Андрей Рублев надобен был Ирине Лукияновне. Она показала написанные им иконы резчику по дереву, мастеру Нафанаилу из Владимира, а тот, признав даровитость живописца по увиденным краскам, возьми да и подай совет, чтобы именно Андрею боярыня доверила украшение иконостаса в новом храме. Совет Нафанаил подал твердый. Вняв совету, боярыня и послала гонца за Андреем. Память сохранила облик юноши, которого боярыня при прощании, в благодарном порыве за написанные иконы, ласково погладила по голове. Ей стало грустно, что она не увидится с ним сызнова.
Храм, ждавший мастера, способного украсить его иконами, боярыня навещала всякий день, любуясь резьбой иконостаса, сотворенного руками Нафанаила и его помощников.

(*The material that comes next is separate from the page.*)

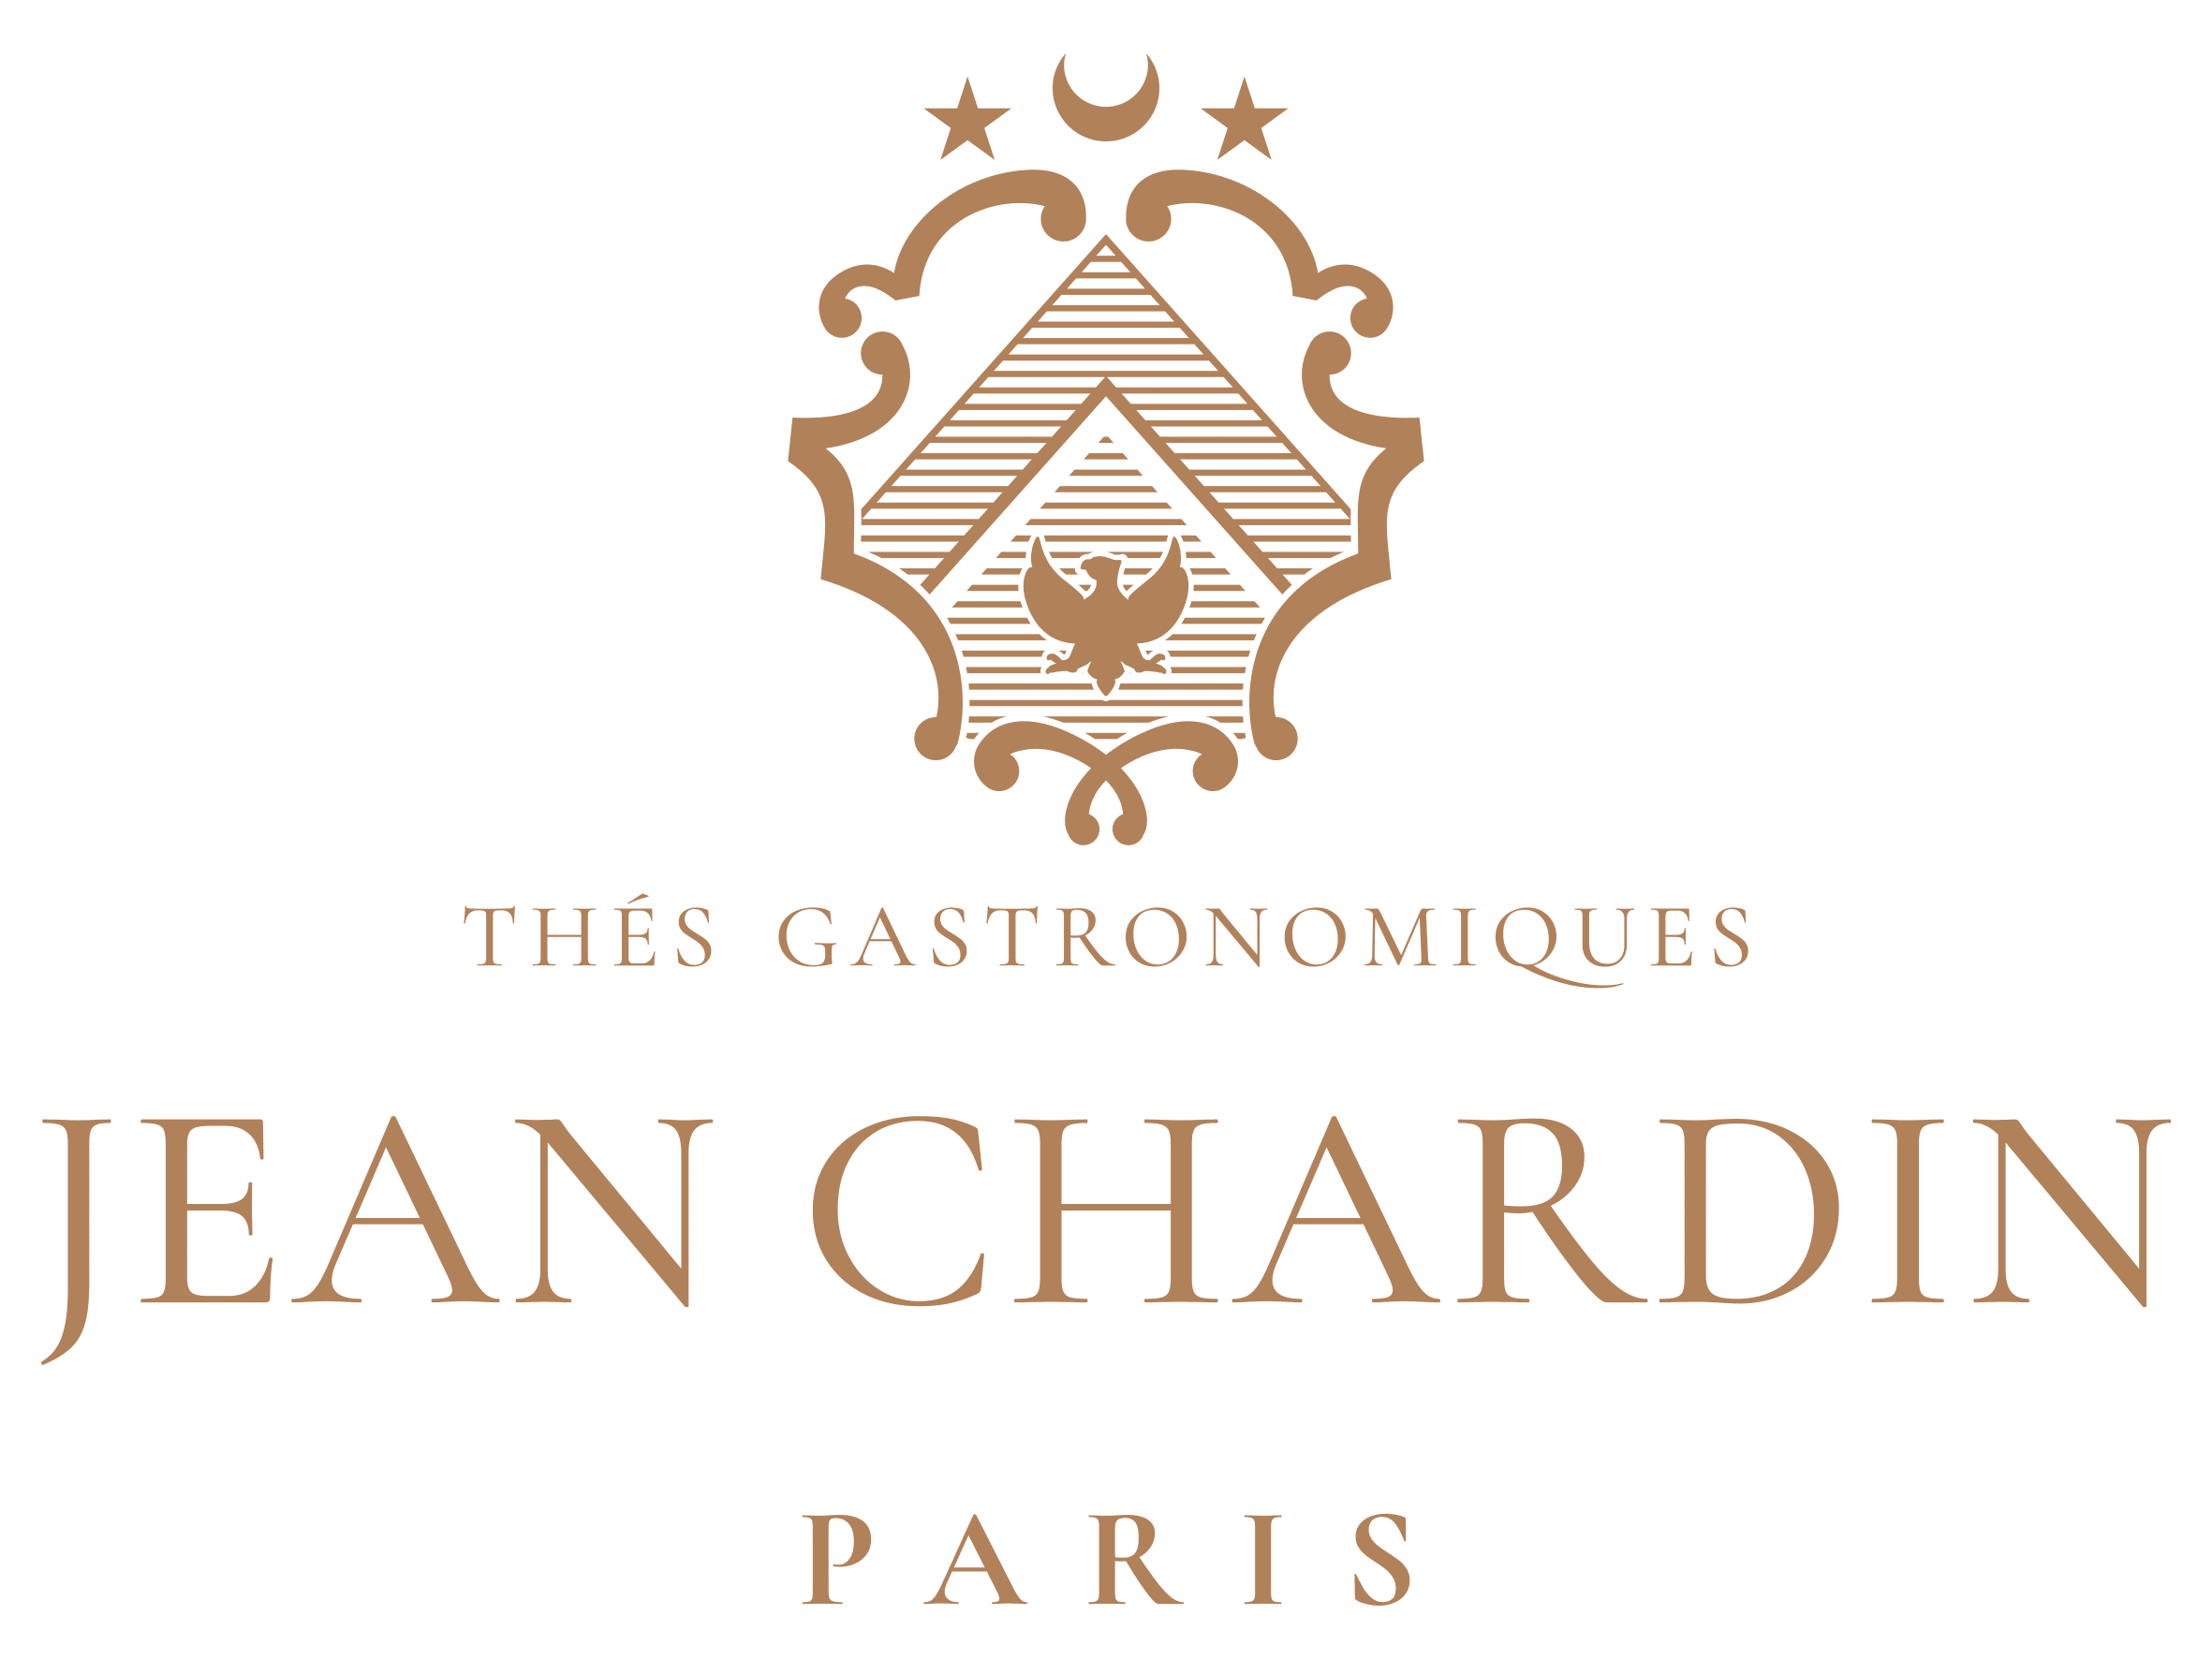 Jean Chardin

Буйность красок погожего августовского полдня, блеск под солнцем воды в Тайном озере, лебединые стаи облаков, узорочье теней и тоскливый мотив лебединой песни – все это исподволь увело помыслы Ирины Лукияновны к давнишнему, под кровлю родительского дома, из окошек которого она любовалась Волгой. Ожила перед ней как будто бы позабытая пора юности, в которой ее радость, строптивость и живость пресекала вспышками гнева суровая мать. Она больно хлестала по щекам за улыбки, за нахмуренные недовольные брови, за слова, лишние, по ее разумению, для девичьей скромности. Ожил облик молчаливого, безвольного отца, боящегося гнева жены. Отца боярышня любила и была счастлива, когда его теплая большая рука гладила ее голову. В затворе душного терема под присмотром угодливых нянек Ирина в юности коротала дни, запоминая от скуки все трещины на бревенчатых стенах, пропахших запахами ладана и лампадного масла, слежавшегося пуха в перинах и подушках.
Шли годы.
Уворованная Кукшей, освободившись от материнского деспотизма и став женой, заводила в семье надобные ей порядки. Холодок начальной неласковости к мужу исподволь согревала то улыбкой, то случайно оброненным ласковым словом, приучила его к послушности и исполнению ее желаний. Все подчинялось ее воле, все, кроме материнства.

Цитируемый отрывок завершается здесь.